Le pouvoir de se maintenir dans l’air sans le mouvement des ailes appartient, c’est reconnu, à un grand nombre d’oiseaux, tels que le vautour, l’albatros, le pétrel, et bien d’autres. En outre, il est difficile de concevoir un bond de vingt pieds de haut et de deux cents mètres de long, et le vol, de l’exocet a cette étendue, quand ce n’est plus.
Il est, probable que ce mouvement participe du saut et du vol ; qu’il commence par un bond hors de l’eau (tous les poissons ont la faculté : d’en sortir ainsi), et que l’impulsion une fois donnée est continuée parles nageoires étendues, agissant dans l’air comme parachutes. On sait que le poisson peut alléger de beaucoup la pesanteur spécifique de son corps par le gonflement de sa vessie natatoire, qui, lors de son parfait développement, remplit presque entièrement la cavité abdominale. Il existe, en outre, dans sa bouche une membrane qui peut être gonflée à l’aide des ouïes. Ces deux récipients sont susceptibles de contenir au besoin un volume d’air considérable, et comme le poisson a la faculté de les emplir ou de les vider à volonté, ils jouent, sans aucun doute, un rôle dans le mécanisme de ce mouvement aérien. Une chose certaine, c’est que le poisson volant tourne dans l’air et peut dévier dans sa course ; ce qui indique certainement plus que la seule puissance de sauter. En outre, ces ailes produisent un bruit perceptible au dire de gens dignes de foi, une sorte de bruissement sonore, et on les a vues s’ouvrir et se fermer dans les airs.

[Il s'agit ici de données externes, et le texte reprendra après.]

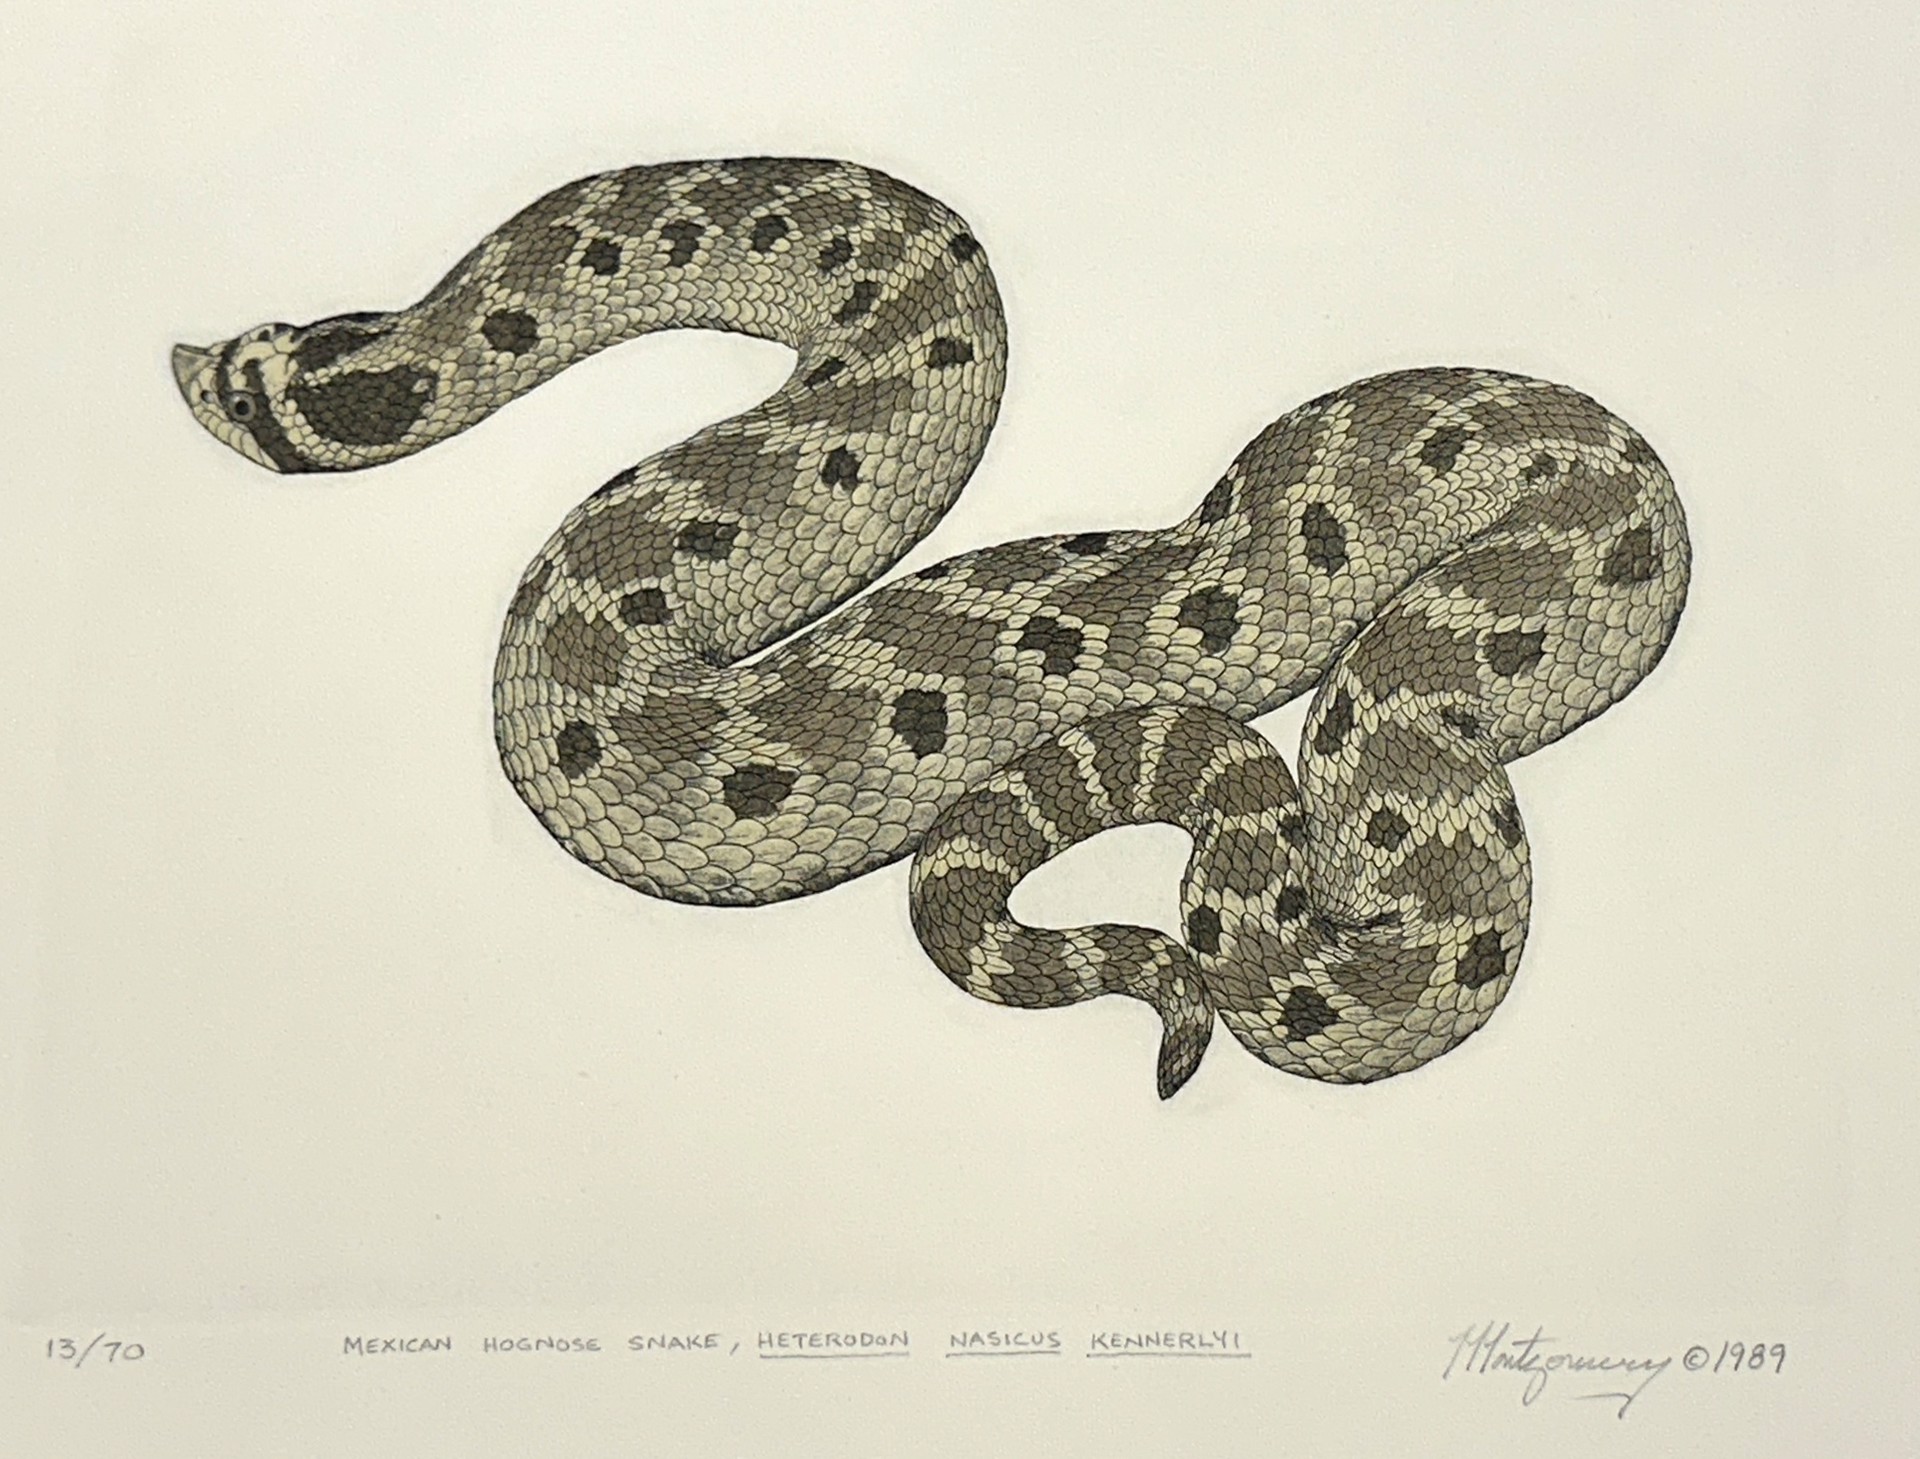 Mexican Hognose Snake by William Montgomery

Un banc de poissons volants peut très bien être confondu au premier abord avec un vol d’oiseaux blancs ; mais leurs mouvements rapides et le scintillement de leurs écailles, surtout si le soleil les dore, détrompent vite l’observateur en lui révélant leur véritable nature.
Rien n’est aussi propre à délasser l’œil et l’esprit du voyageur fatigué de la monotonie d’une longue traversée que l’apparition de ces êtres charmants ; aussi est-elle considérée comme une fête aussi bien par le vieux loup de mer qui l’a vue dans vingt occasions différentes que par le novice qui la salue de son naïf enthousiasme pour la première fois.
Les poissons volants sont peut-être les créatures de l’Océan qui ont à redouter le plus d’ennemis. Dans leur élément, ils ont à se défendre contre les dauphins, les albicores, les bonites, etc. Ils s’élancent, comme nous l’avons vu plus haut, pour échapper à ces poursuites, et c’est le plus souvent pour tomber dans le bec des oies sauvages, des fous, des albatros et des autres tyranneaux emplumés qui écument incessamment la surface des mers.
Toutefois n’allez pas trop vous apitoyer sur le sort de ces déshérités. Ne leur concédez pas toutes vos sympathies comme à d’innocentes victimes injustement traitées. Ainsi que leur congénère le brochet, ces persécutés sont d’impitoyables persécuteurs ; et avec la voracité de poissons plus grands, ils se jettent sur tout ce qui est à leur portée et le dévorent sans témoigner plus de merci qu’ils n’ont eux-mêmes à en attendre.